L’accento

Le regole generali sono consultabili nelle Norme Uni 6015, Segnaccento obbligatorio nell’ortografia della lingua italiana, Milano 1967. In italiano, si distinguono un accento finale, che cade sulla vocale finale di parola (es. città) e un accento tonico, che cade su una vocale intermedia di una parola (es. rèprobo).

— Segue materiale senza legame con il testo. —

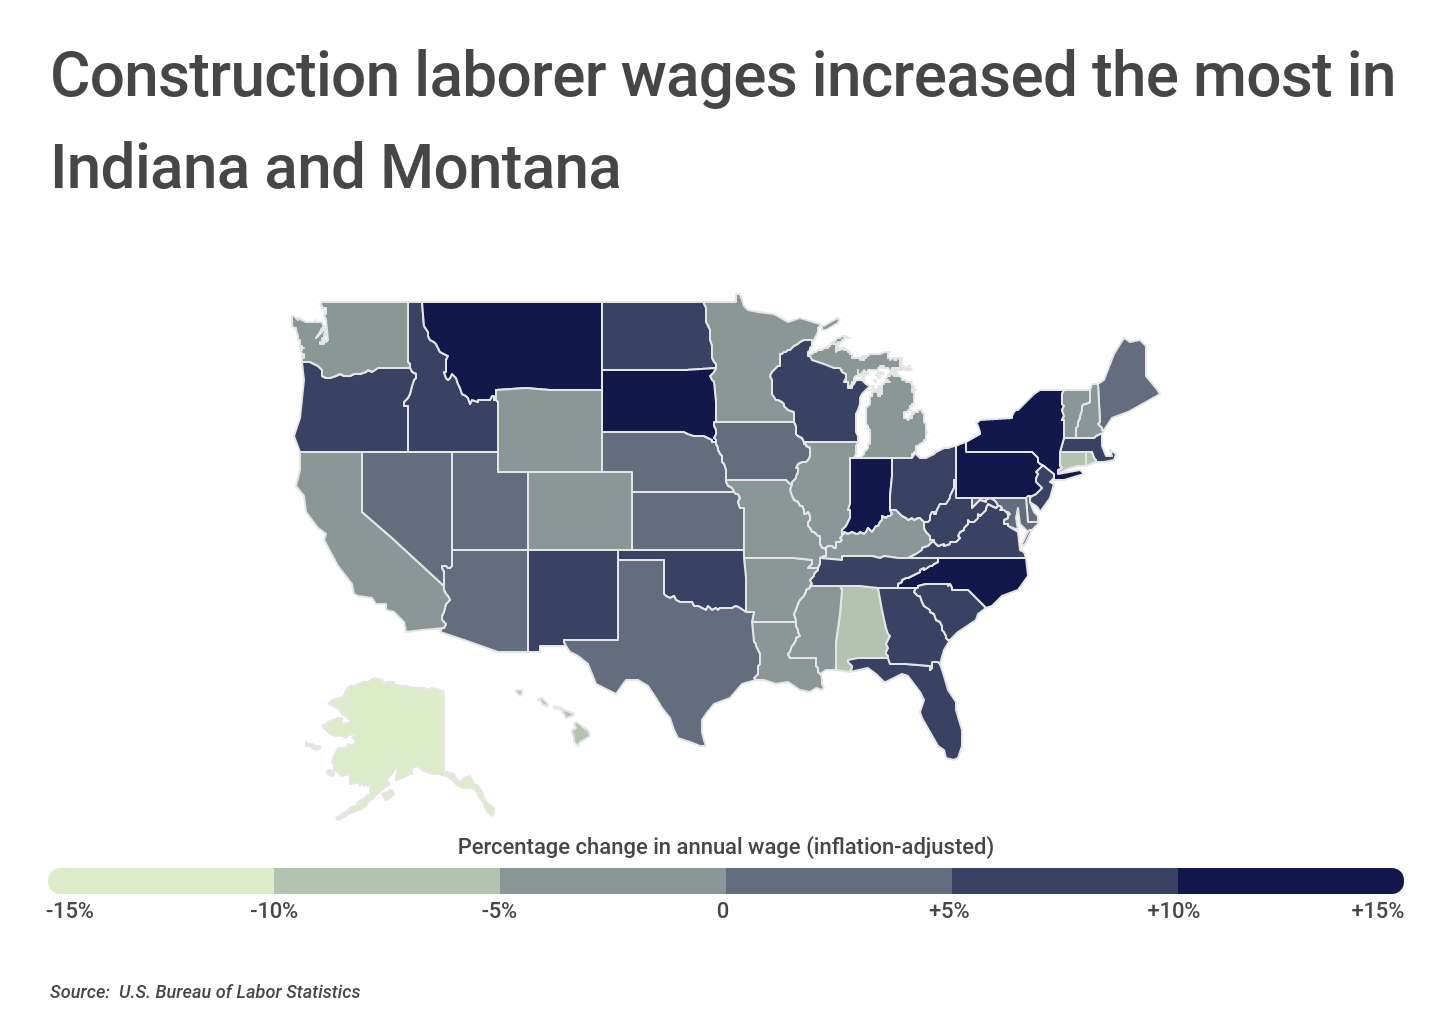 Chart3_Construction laborer wages increased the most in Indiana and Montana
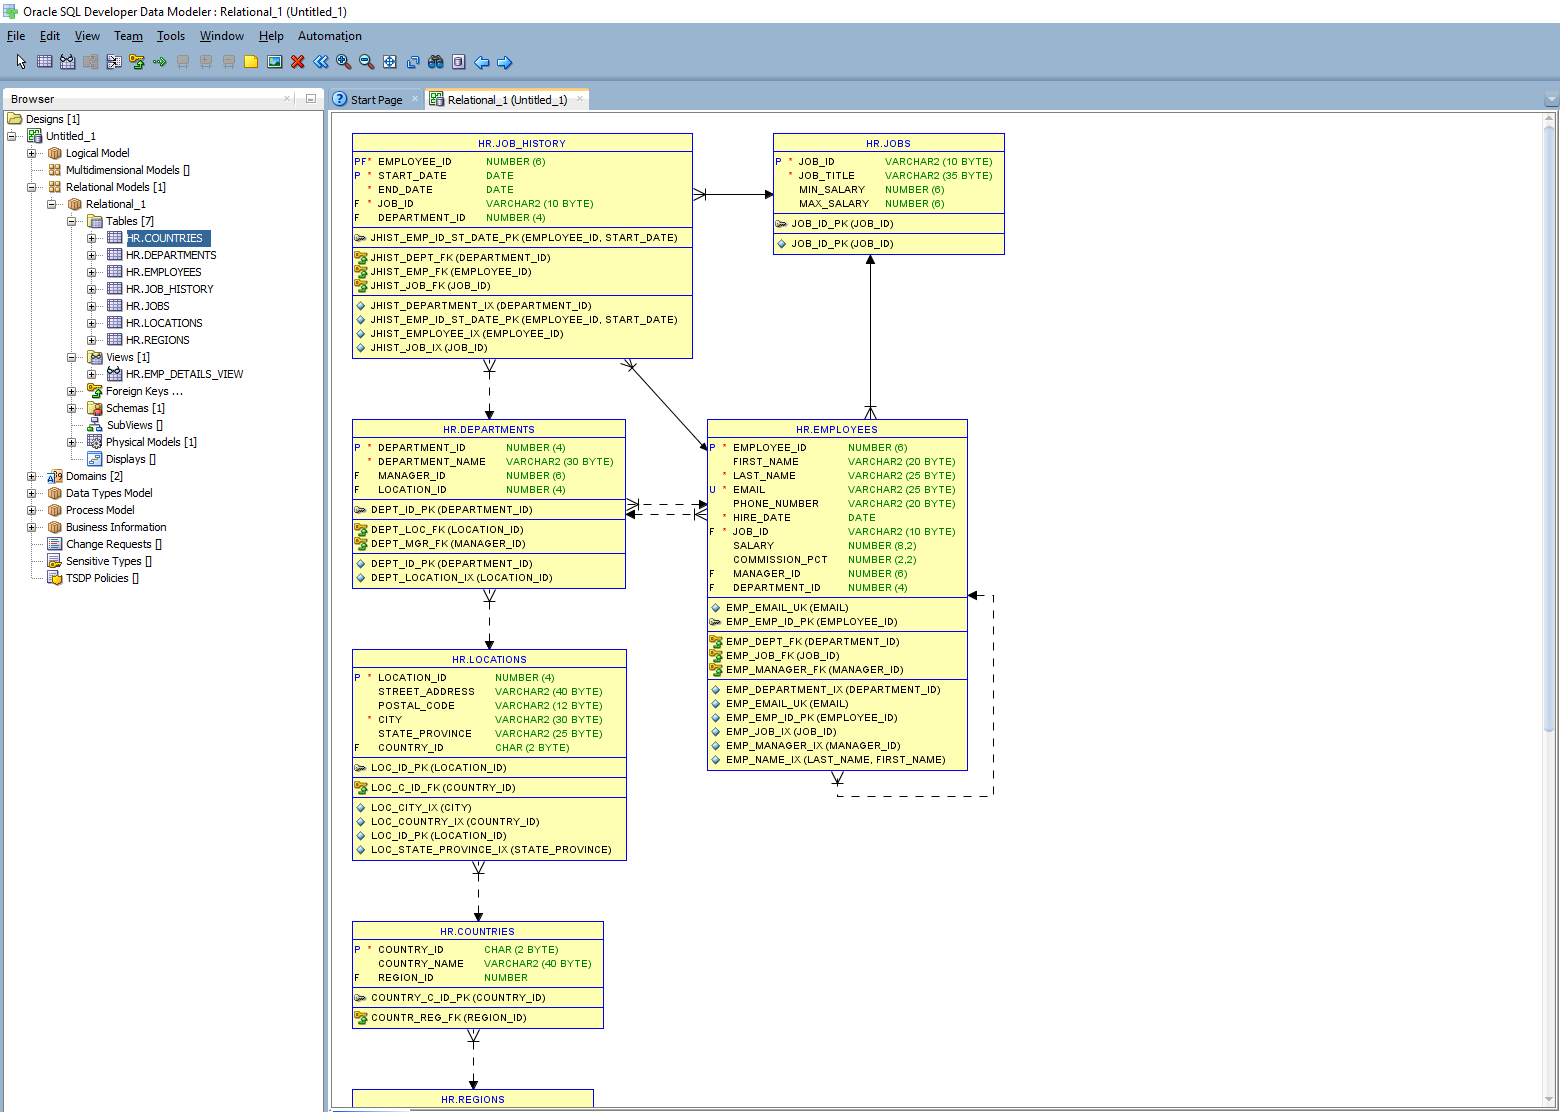 Data Model Diagram How To Create Er Diagram For Existing Database With Oracle Sql

Indipendentemente dalla posizione dell’accento, esistono due tipi di accento:
accento grave (inclinato a sinistra, come in è) e accento acuto (inclinato a destra, come in “é” di perché).
Accenti finali:

  • le vocali A e O richiedono solo l’accento grave (à, ò), es. città, dà (voce del verbo “dare” per distinguersi dalla preposizione “da”); perciò, darò ecc.;
  • le vocali i “e” “u” richiedono sempre l’accento acuto (í, ú), es. cosí, piú;
  • la“e” può avere suono chiuso (es. né, perché) o aperto (es. è, cioè): la “e” chiusa richiede l’accento acuto (é), aperta vuole l’accento grave (è);
  • la “e” richiede l’accento acuto (é) nei seguenti casi: nei composti di “che” (es. perché, poiché, sicché, allorché ecc.); nella terza persona singolare del passato remoto (es. poté, ricevé, dové ecc.); nella negazione “né”; nel pronome “sé”; nei numeri terminanti in tre (es. trentatré);
  • la “e” richiede l’accento grave (è): nella terza persona del verbo “essere”, per la quale occorre usare sempre la forma accentata quando è maiuscola (È); in “cioè, caffè, thè, ahimè, piè, diè”; nelle parole straniere entrate nell’uso comune italiano (es. gilè, canapè, lacchè); nei nomi propri di persona (es. Noè, Mosè, Giosuè, Giuffrè, Averroè ecc.).